Can Bob’s $10 million buy a strategy? He needs one.
Well, it is now official. Democrats have awarded Ned Lamont with the nomination to seek re-election, while Republicans backed Bob Stefanowski to take him on in a rematch of the 2018 gubernatorial election. Lamont won by three percentage points the last time.
There was little drama, at least at the top of the ticket, when the two major parties held their nominating conventions last weekend. Stefanowski and Lamont already have had TV campaign ads up for weeks. Lucky us.
The big challenge for Stefanowski is how to position himself in a way that convinces a majority of voters to fire Lamont after one term. Right now, I do not see any effective way Stefanowski can do so. Lamont’s biggest challenge is not screwing up and giving his opponent an opening.
How hard is it to beat an incumbent governor? You have to go back to 1954 to find the last time it happened in Connecticut. Democrat Abraham Ribicoff defeated Republican Gov. John Davis Lodge. Disruptions caused by the construction of the Connecticut Turnpike under Lodge’s watch had turned off voters. But the legislature did name it the Governor John Davis Lodge Turnpike. That was some solace, I suppose.
Lamont is probably happy there is not a Ned Lamont Toll System.
A Sacred Heart University poll released April 22 showed Lamont winning 48% to 30% if the election were held today. While that margin is certainly inflated, I don’t reckon that the poll is as far off as critics claim in suggesting the race is really a tight one.
The opinion I held in February is unchanged: Lamont begins the race a solid favorite. If anything, the outlook for his re-election, and for the Democrats to maintain their legislative dominance in Connecticut, has improved.
The standard tactic you can expect from any Republican gubernatorial candidate in Connecticut is to attack the incumbent Democrat and his party, which controls the legislature, for fiscal mismanagement and high taxes.
And Stefanowski did so in his nomination acceptance speech.
“Connecticut is the definition of a failed state — billions and billions of debt with absolutely nothing to show for it,” he said.
But how much traction can he, and state Republicans, get from that claim when that Democratic legislature just approved a state budget that includes about $600 million in income, property tax, and gasoline tax cuts? At the same time the budget invests in social services and early childhood development, keeping the party’s core constituencies happy. And they happen to be good policies.
This budget is possible because after years of Connecticut confronting deficits it has, during the Lamont administration, accumulated a historically unmatched $4.8 billion surplus. Even with the planned tax cuts, and investing $3.6 billion toward the state’s underfunded pension plans, the budget reserve is projected to remain a healthy $3 billion.
Meanwhile, a state unemployment rate that stood at 11.4% in May 2020 is 4.6%.
Given all that, Stefanowski’s “failed state” rhetoric sounds out of touch. It will play well with the Republican base, but to win in Connecticut a Republican needs to expand well outside the base and I have seen no signs of Stefanowski doing so.
Republicans could argue, and have, that the tax cuts should be deeper or different. In his ads, Stefanowski references a cut in the sales tax, but offers no specifics. Democrats can counter they cut taxes, not talked about doing so.

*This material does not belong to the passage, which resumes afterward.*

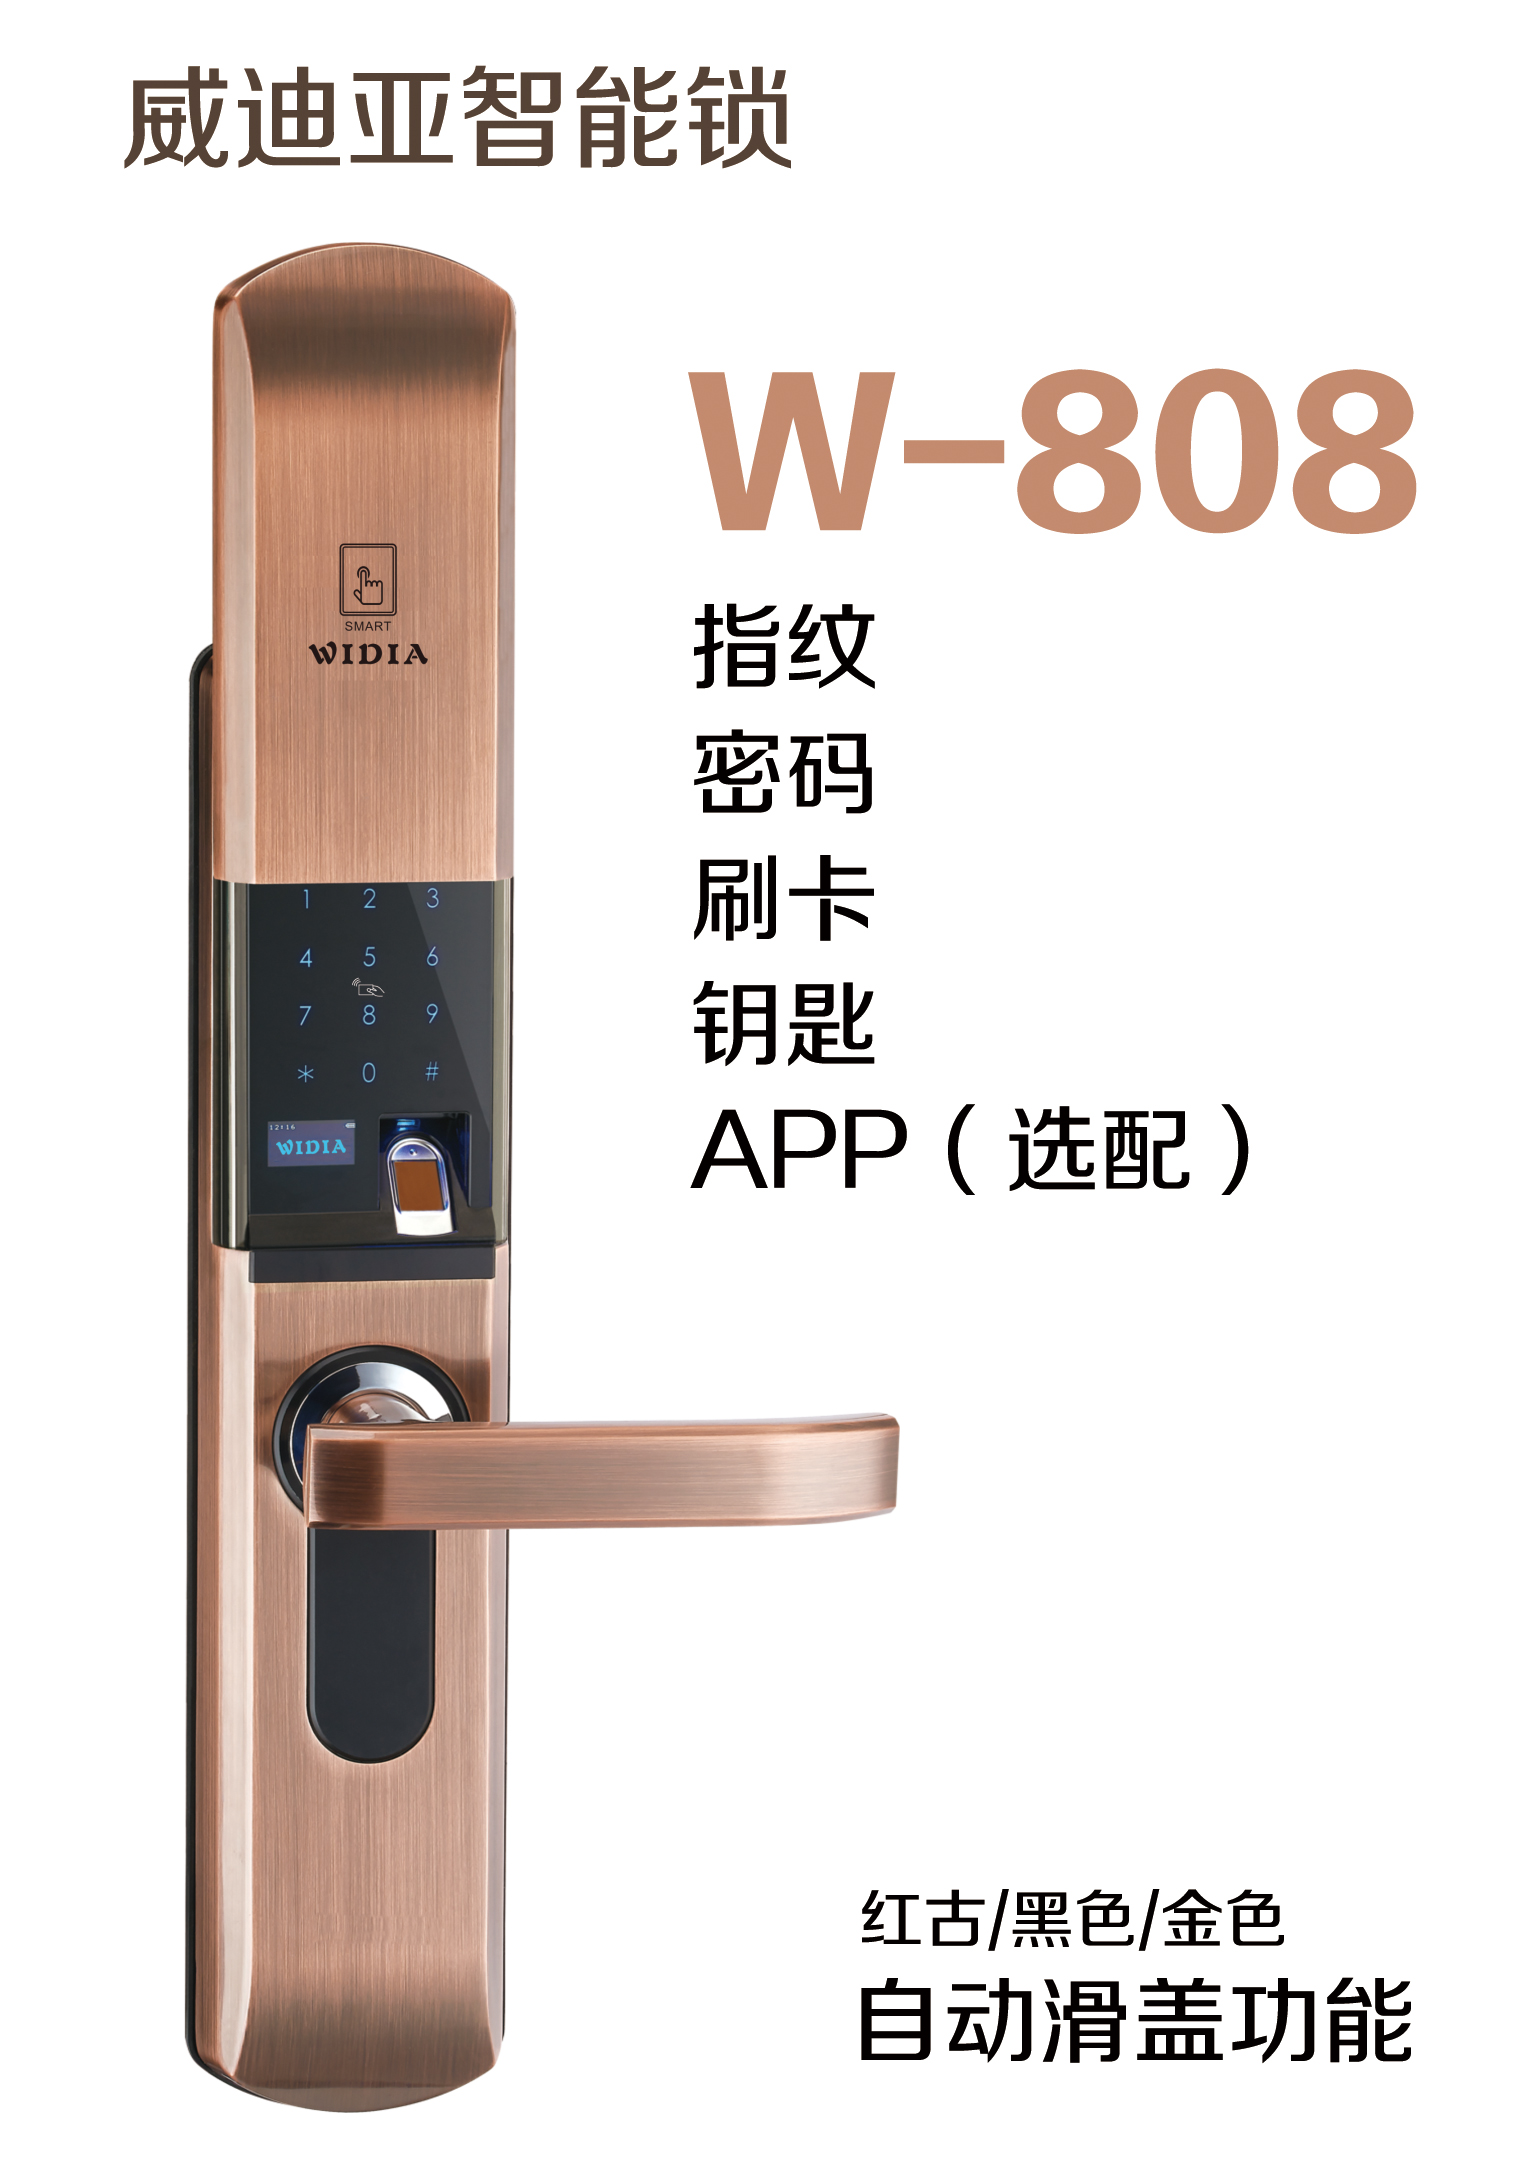 W-808

General resentment over rising inflation and high gas prices could be trouble for any Democratic incumbent, given that the party has majority control both in Washington and Hartford. But I do not believe many voters blame politicians at the state level for inflation.
You can expect Stefanowski and the political action committees supporting him to continue to paint the Lamont administration as scandal ridden. Yet that “scandal” centers largely on one man, Konstantinos Diamantis, who Lamont fired as the deputy secretary of the Office of Policy and Management after reports that he had steered school construction contracts. Some poor decisions by the Lamont administration enabled Konstantinos’ alleged misbehavior, but the governor cut out the cancer and there are no signs of the scandal expanding to become a threat to his incumbency.
Added to the Republican challenge in the state is the leaking of Justice Samuel Alito’s draft opinion. If adopted by Supreme Court’s conservative majority, it would toss out Roe v. Wade and allow states that so choose to again outlaw abortions, while also opening the door to a federal ban.
This threat to legal abortion could well turn out more young and other marginal voters this November, folks who tend to show up for presidential elections but not off-year ones. That, too, would be to the benefit of Connecticut Democrats.
Stefanowski, who accumulated his wealth as a corporate CEO for various companies, has pledged to spend $10 million of his own money to defeat Lamont, who is also rich and self-funded. It should be interesting to see what winning strategy Stefanowski can invent with that money, because right now I don’t see that he has any.